Sunday, November 08, 2009
How do I say no to a Vikings and Aliens vs. Monsters movie (scratch that - *the* Vikings and Aliens vs. monsters movie), especially when it features Ron Perlman, John Hurt, and Jim Caviezel? And what's this? The monster lives under a lake? And it's - wait for it - it's a mom? And the alien Outlander (Jim Caviezel) has to ... hey, wait a minute, I read this book in the seventh grade!
That's right, folks, OUTLANDER is _Beowulf_. With spaceships. Friends, you can't screw this up.

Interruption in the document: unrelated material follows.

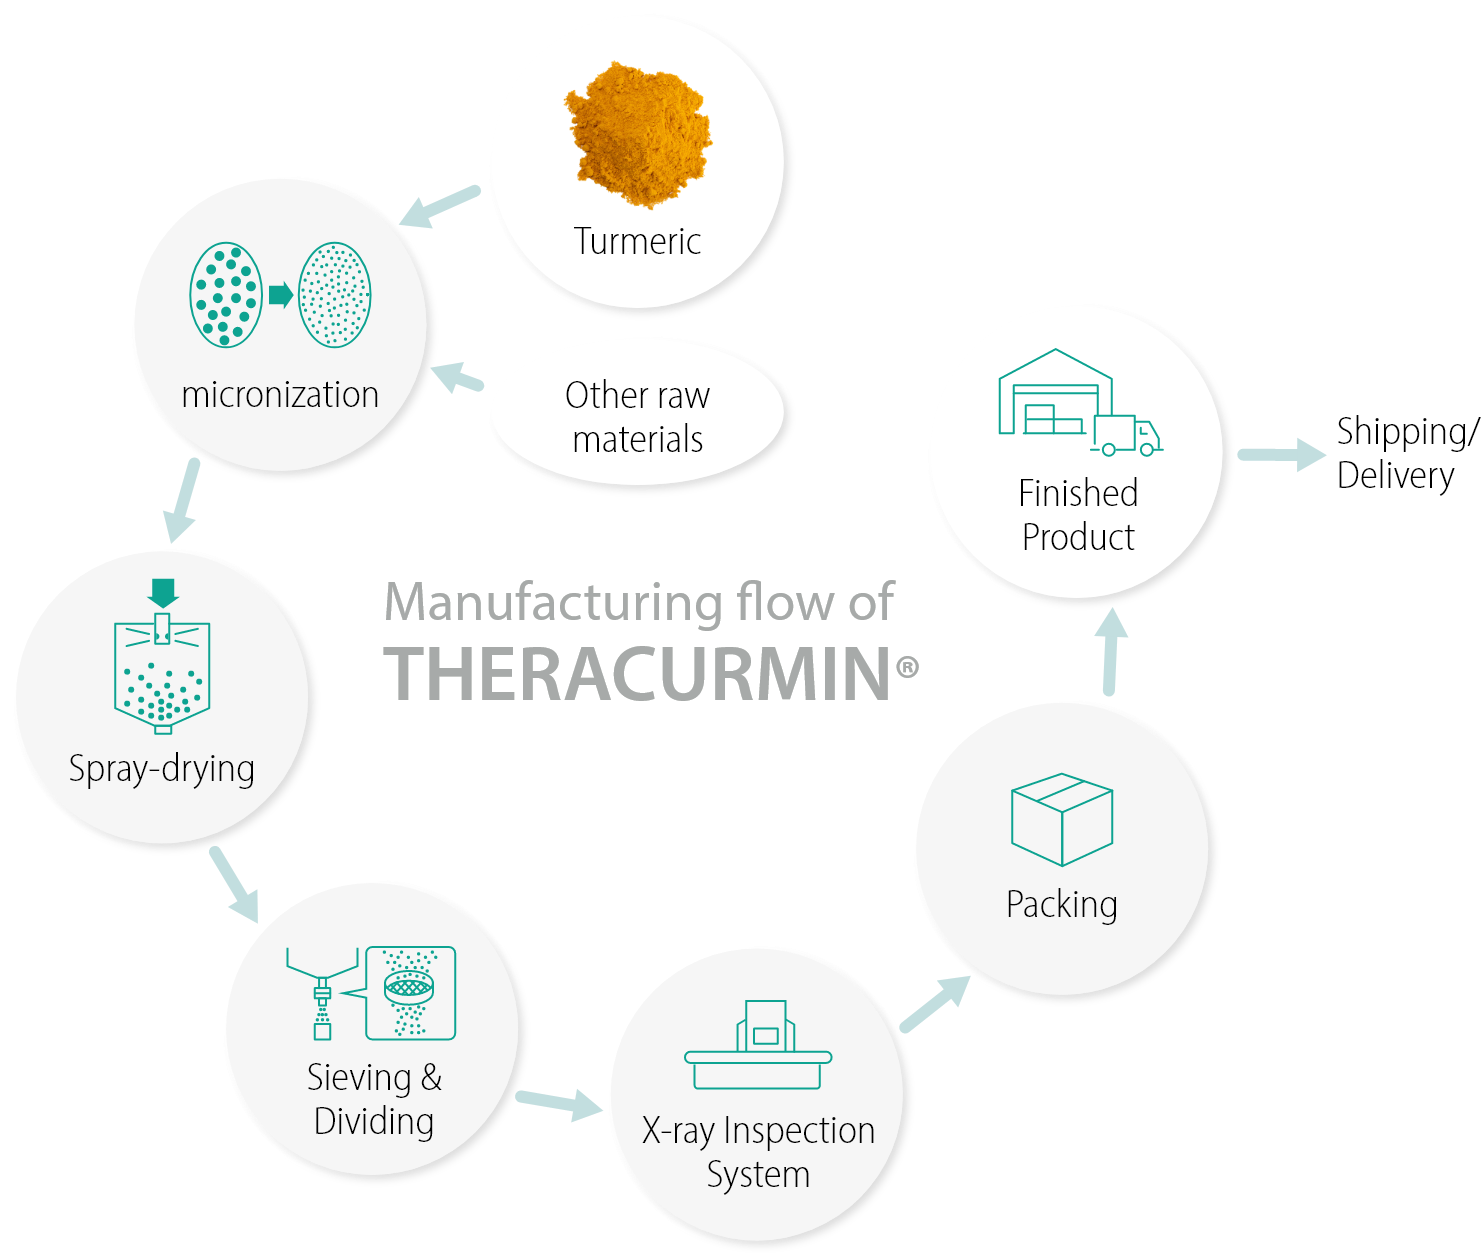 Manufacturing flow of THERACURMIN®

And the people behind this movie didn't screw it up; not really. In fact, if you gave me fifty million dollars, some time, and some freedom, I couldn't make a Beowulf with Spaceships movie as good as OUTLANDER. If you gave me a decade or so to learn the craft, fifty million dollars, some time, and some freedom, however, I could probably make a Beowulf with Spaceships movie as good as OUTLANDER. This is a professional film: the script is tight, the photography pretty, the monster well-designed and realized, and the acting fine. But it's an average work by average professionals. It has no soul. Its story is too tight. Its sound design and score merely echo, not underline or expand. Its editing is so pedestrian that it seems like it came from a textbook. It's like some guy pitched "Vikings and Aliens vs. Monsters from the Public Domain," everyone got excited, and then they just sorta thought they could cruise by on the concept.
And they sorta do. I mean, really, y'know, it's fine. If you like monsters, aliens, Vikings, and epic poetry, it'll be right up your alley. But at the end of the day, it's no "Forth he fared at the fated moment, sturdy Scyld to the shelter of God."